The syndrome affects approximately 2-3 newborns per 10,000 live births. It represents 2-9% of all congenital heart defects and is responsible for approximately 25-40% of neonatal cardiac deaths.
Revascor demonstrated promising results in a randomized, controlled trial involving 19 children with HLHS. Its effects include:
- promote the formation of new blood vessels in the underdeveloped left ventricle (“neovascularization”);
- reducing inflammation and preventing the immune system from attacking healthy tissue, creating an environment conducive to tissue growth (“immunomodulation”).
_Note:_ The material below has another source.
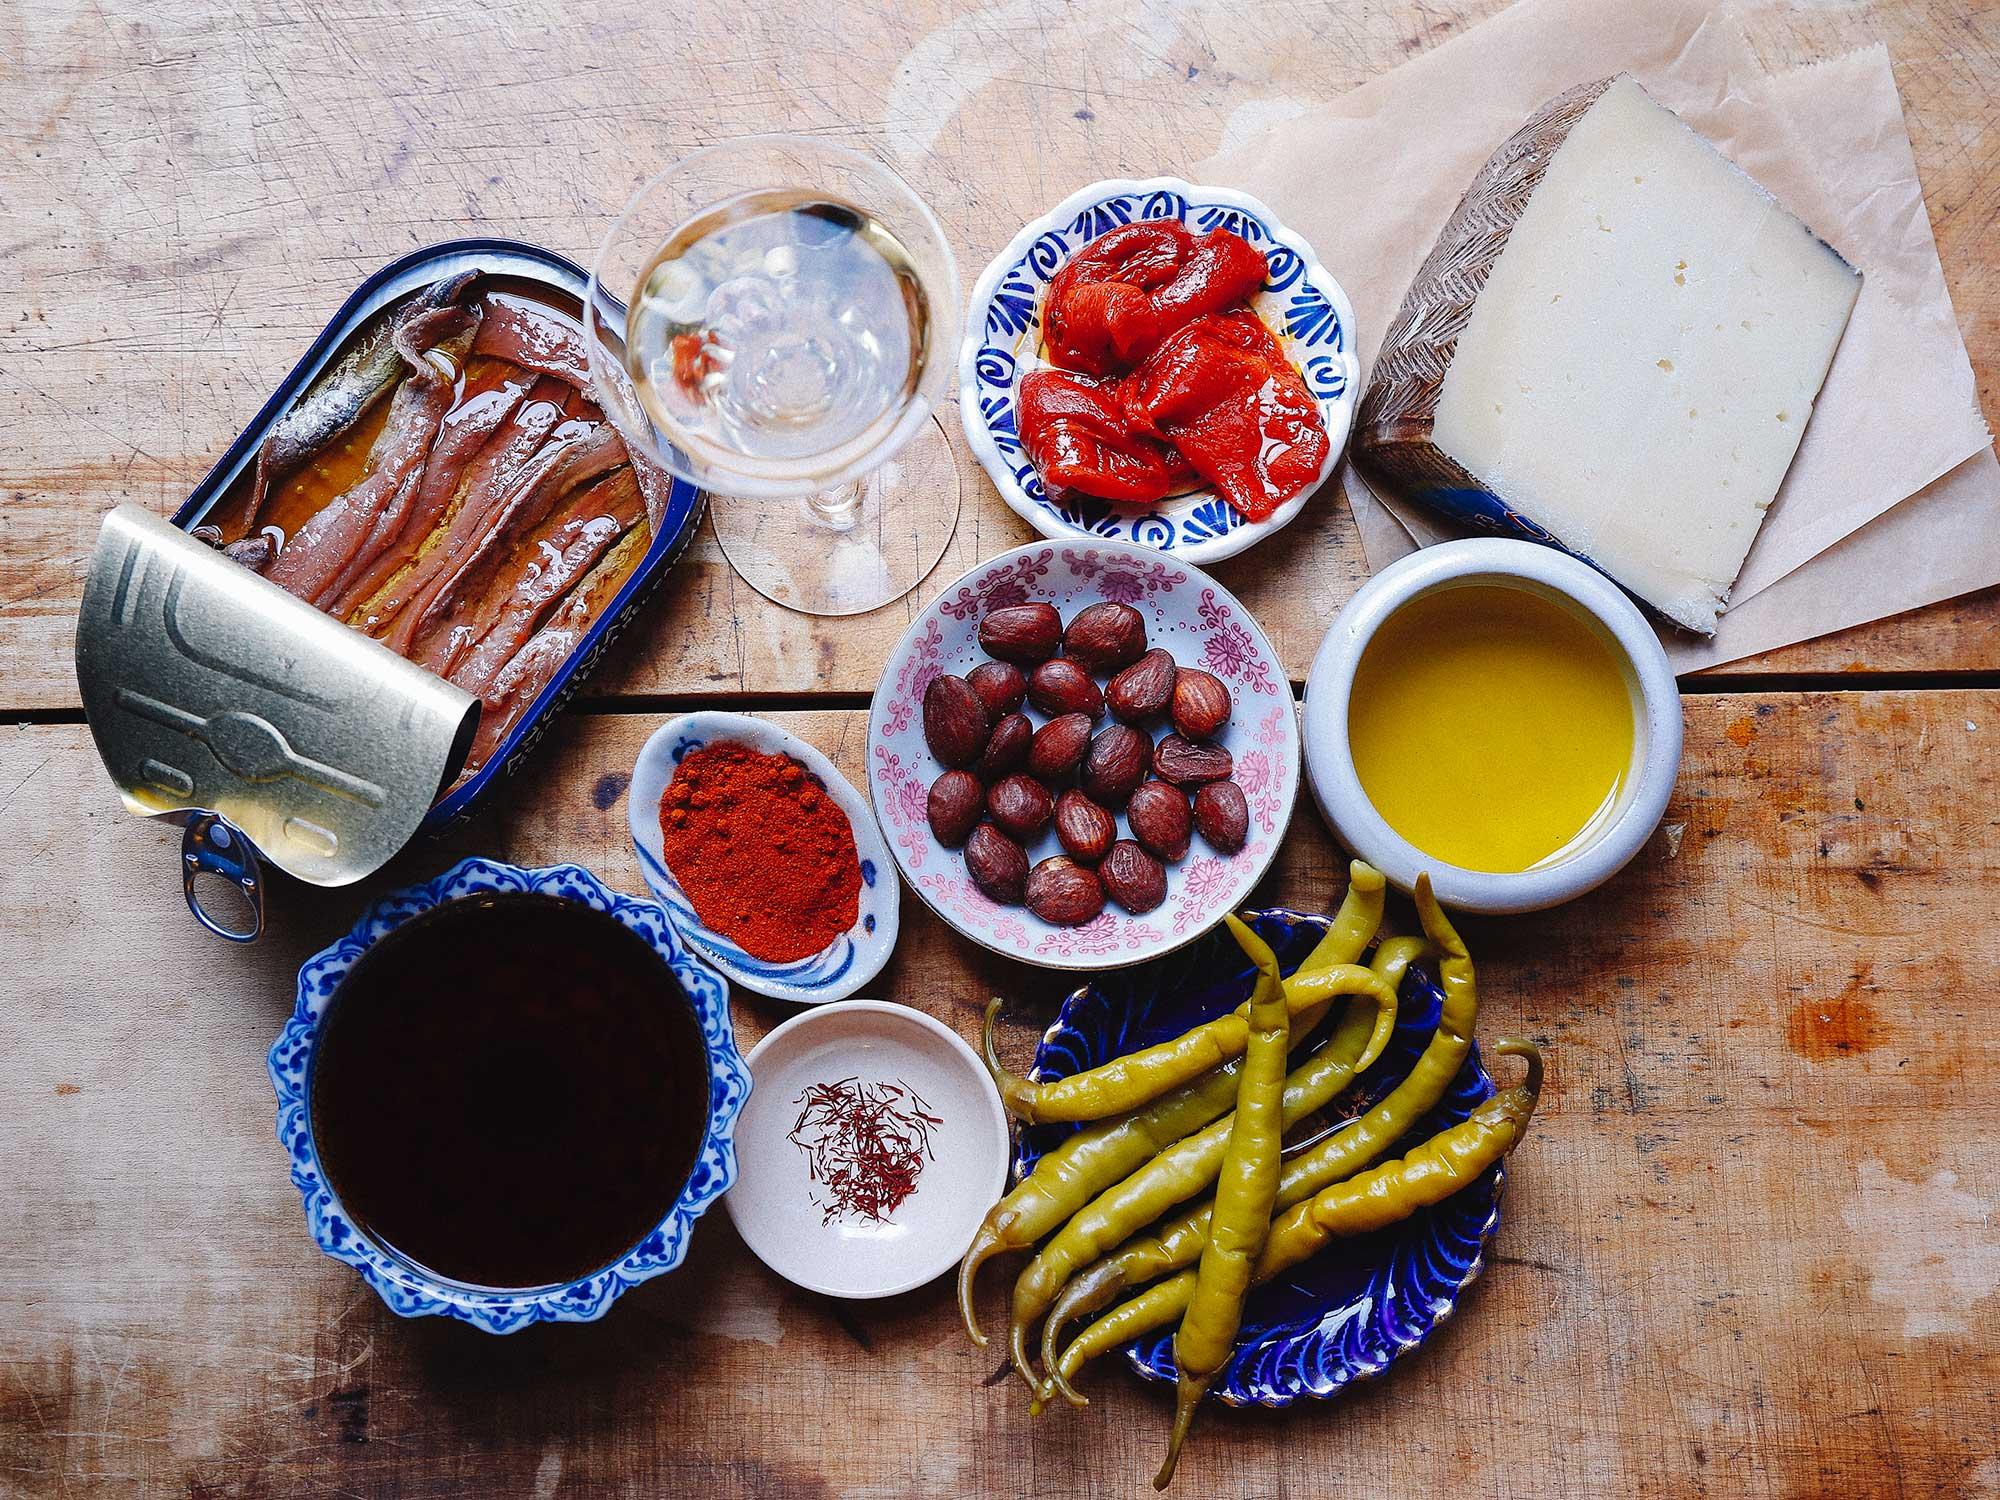 Traditional Spanish ingredients

State of Advanced Regenerative Medicine Therapy (RMAT).
The FDA’s RMAT designation accelerates the development of therapies that address life-threatening conditions.
Benefits include continuous review, priority review eligibility, and expedited regulatory pathways for a biologics license application (BLA). Mesoblast plans to work with the FDA on an approval strategy.
CEO Silviu Itescu commented: “The FDA support recognizes Revascor’s potential impact on long-term outcomes for critically ill children. We look forward to advancing this therapy to address their unmet needs.”
Mesoblast shares surprisingly fell following the announcement. They are currently 7.1% lower at $1.64.